- Type: Driving licence
- Issued by: Turkey
- Purpose: Authorisation

= Driving licence in Turkey =

Driving licence in Turkey (Sürücü belgesi) is a document issued by the relevant government agency, regional or local security force, confirming the holder is qualified to drive motor vehicles. Driving licence exams are regulated by the Ministry of National Education while the licence is issued by the General Directorate of Security.

On 1 January 2016, new laws concerning Turkish driving licences were implemented. The changes are intended to bring Turkey more in line with existing European Union driving regulations and concern all road users in Turkey.

A foreign national can drive in Turkey with an EU licence for six months. After six months, it must be converted to a Turkish licence. Application can be made to any Turkish Population Registry, and the foreign driving licences will not be returned to holders. Instead they will be sent to the issuing authority of the country of origin.

For example, applications made by British licence holders will be sent to the Driver and Vehicle Licensing Agency (DVLA). The DVLA says that expats can drive in the UK on a Turkish licence for up to twelve months, and if they wish to settle in the UK, the Turkish licence cannot be exchanged for a UK licence and a practical test has to be passed.

In Turkey, you must be at least eighteen years old in order to drive a car and at least sixteen to drive a motorbike. The driving test comprises a practical and theory test, which has been recently made tougher in order to meet European Union regulations.

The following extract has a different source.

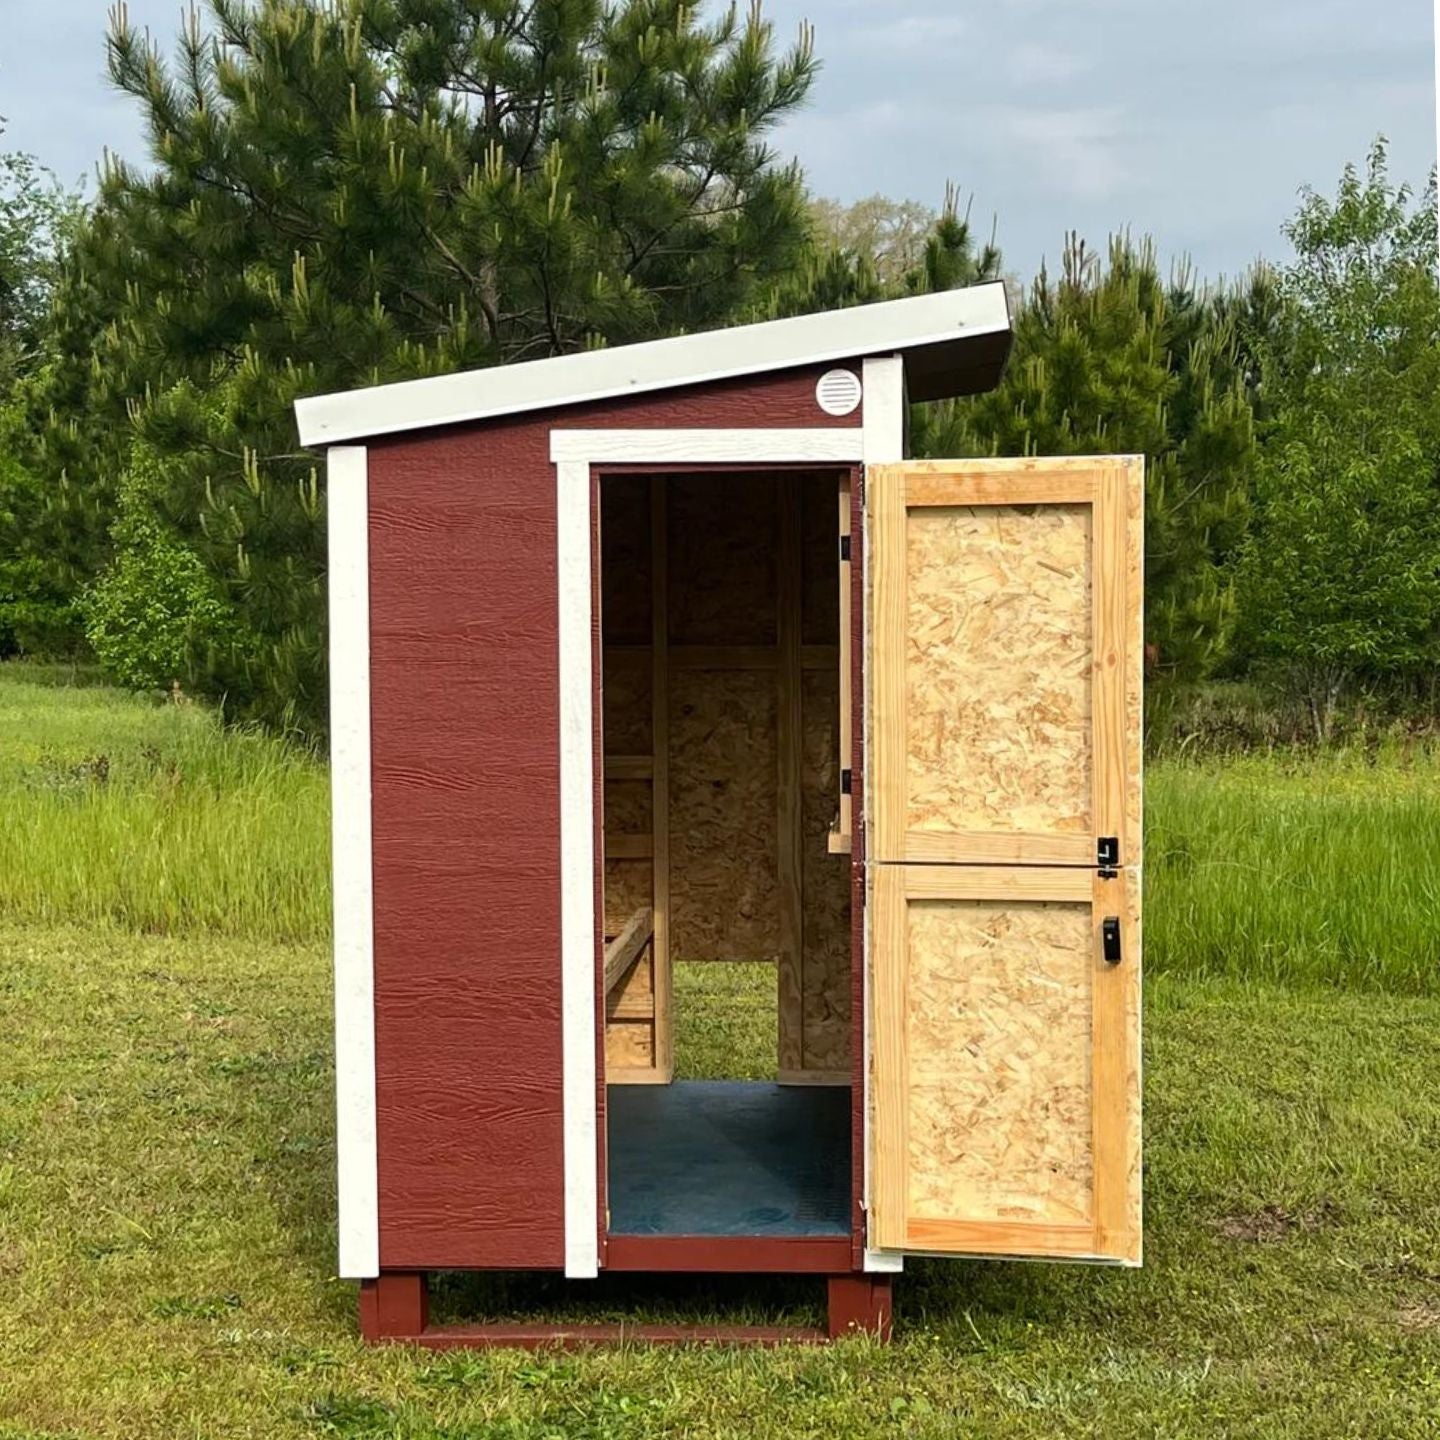 OverEZ Walk-In Chicken Coop with Dutch Door for humans

A Turkish driver’s license is considered a valid identification document in Turkey. It is typically issued with a 10-year validity period. If you hold a motorcycle or heavy vehicle license, it will automatically be included in your Turkish driver’s license as well.

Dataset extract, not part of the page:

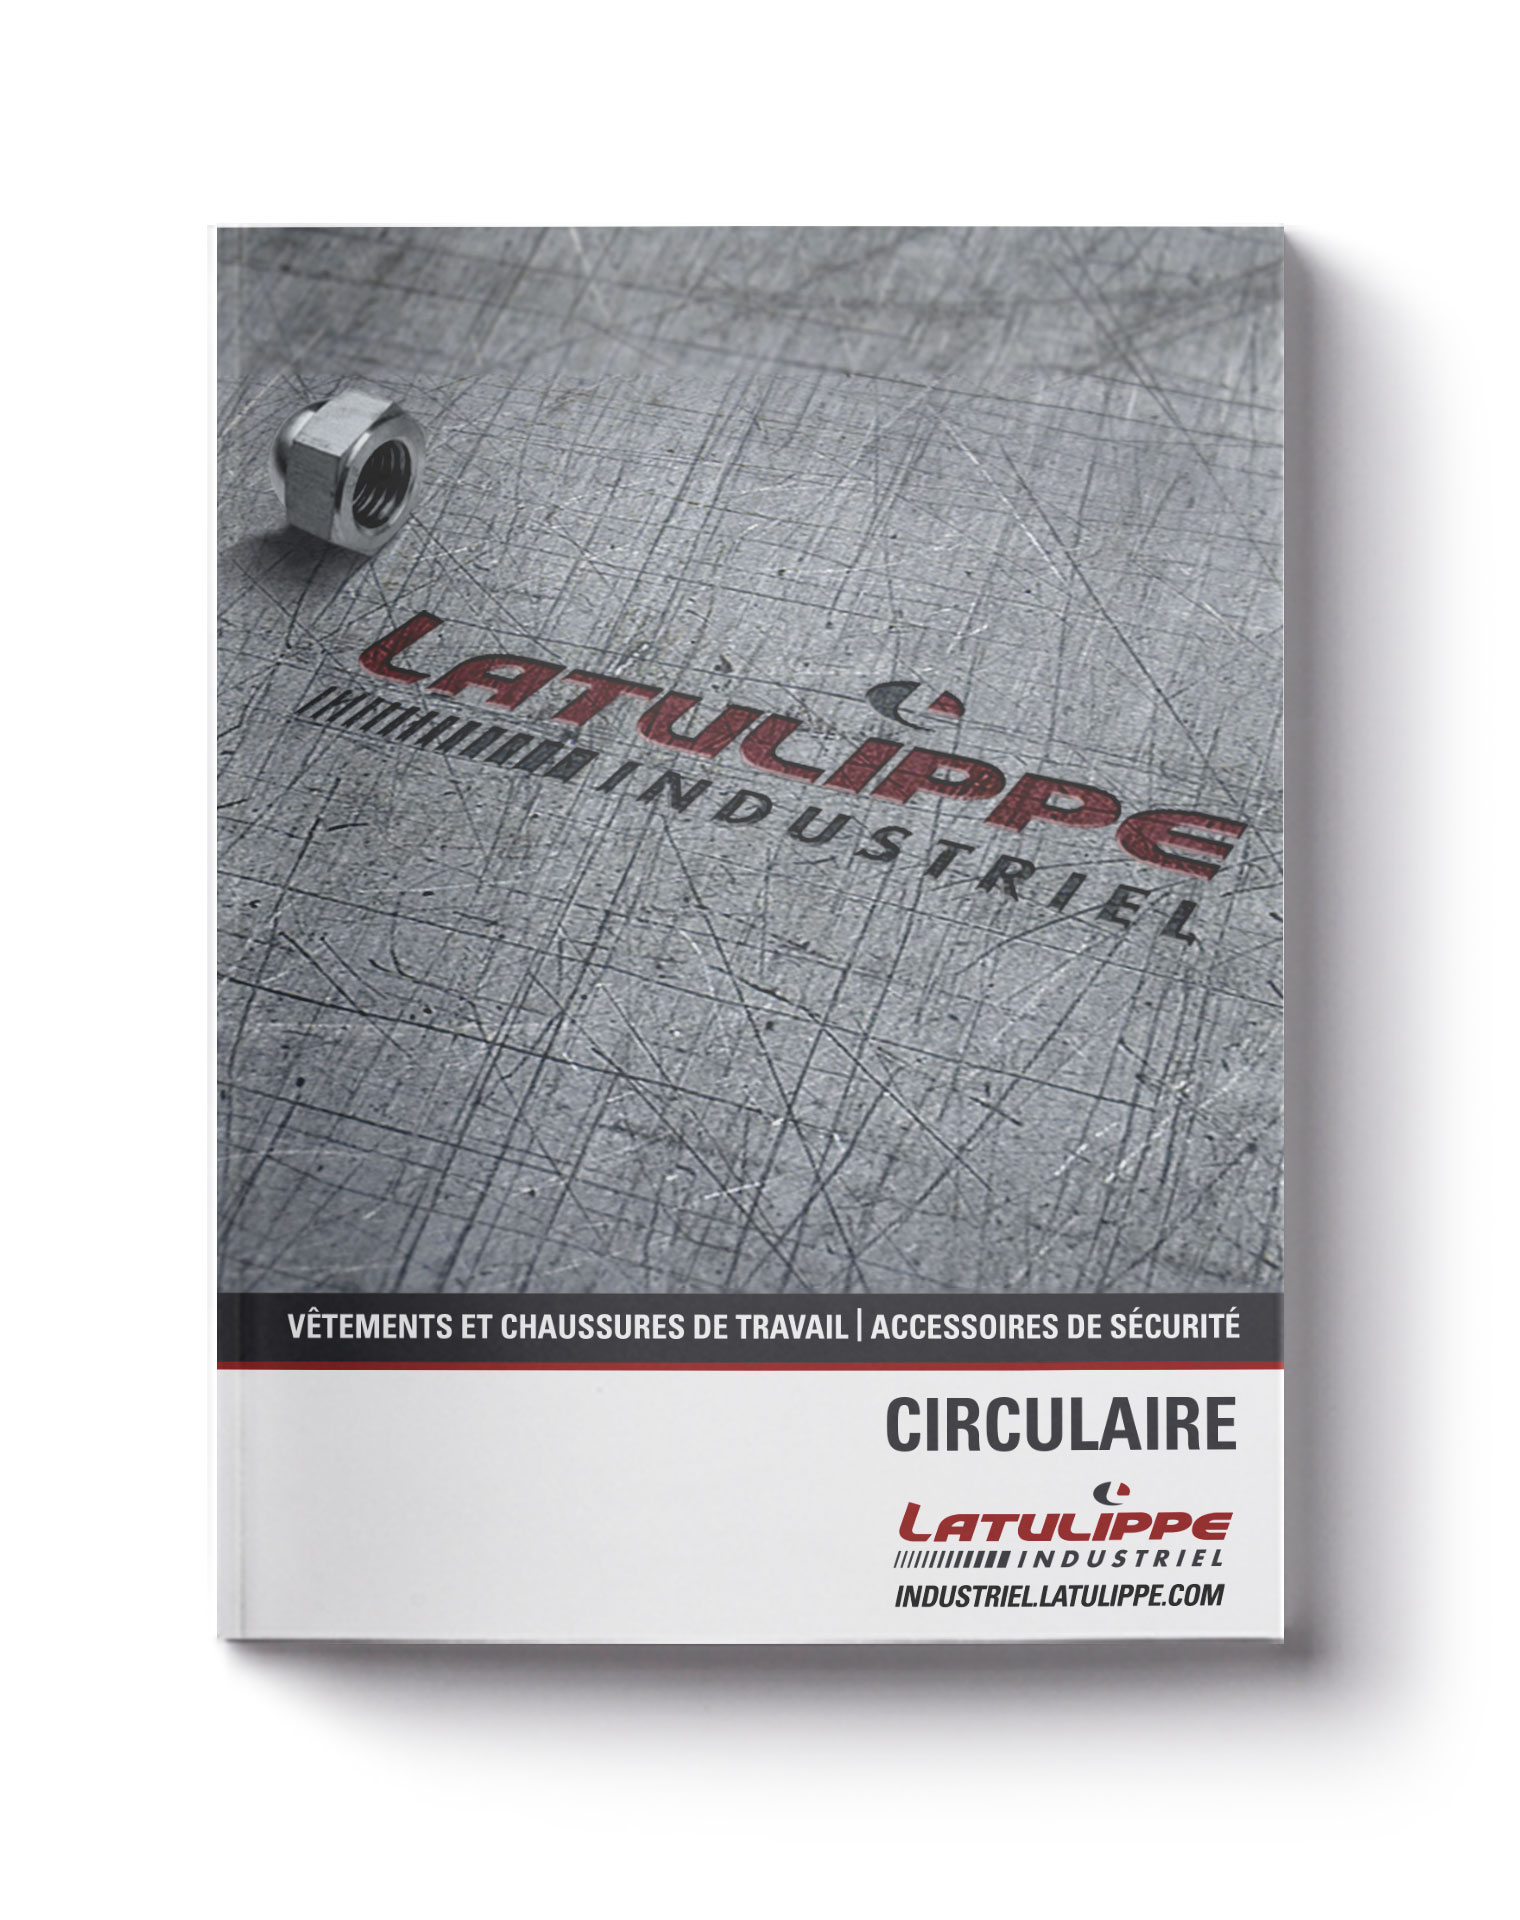 Catalogue Latulippe Industriel Cover édition 2016-2017

== Requirements to attend a driving course ==
In order to take lessons, applicant must fulfill these requirements / bring documents:

- Original and photocopy of Turkish ID card
- Health report (Must be obtained from authorized health institutions)
- Two biometric photos
- Criminal record certificate
- Education Certificate (At least Primary Education Degree required)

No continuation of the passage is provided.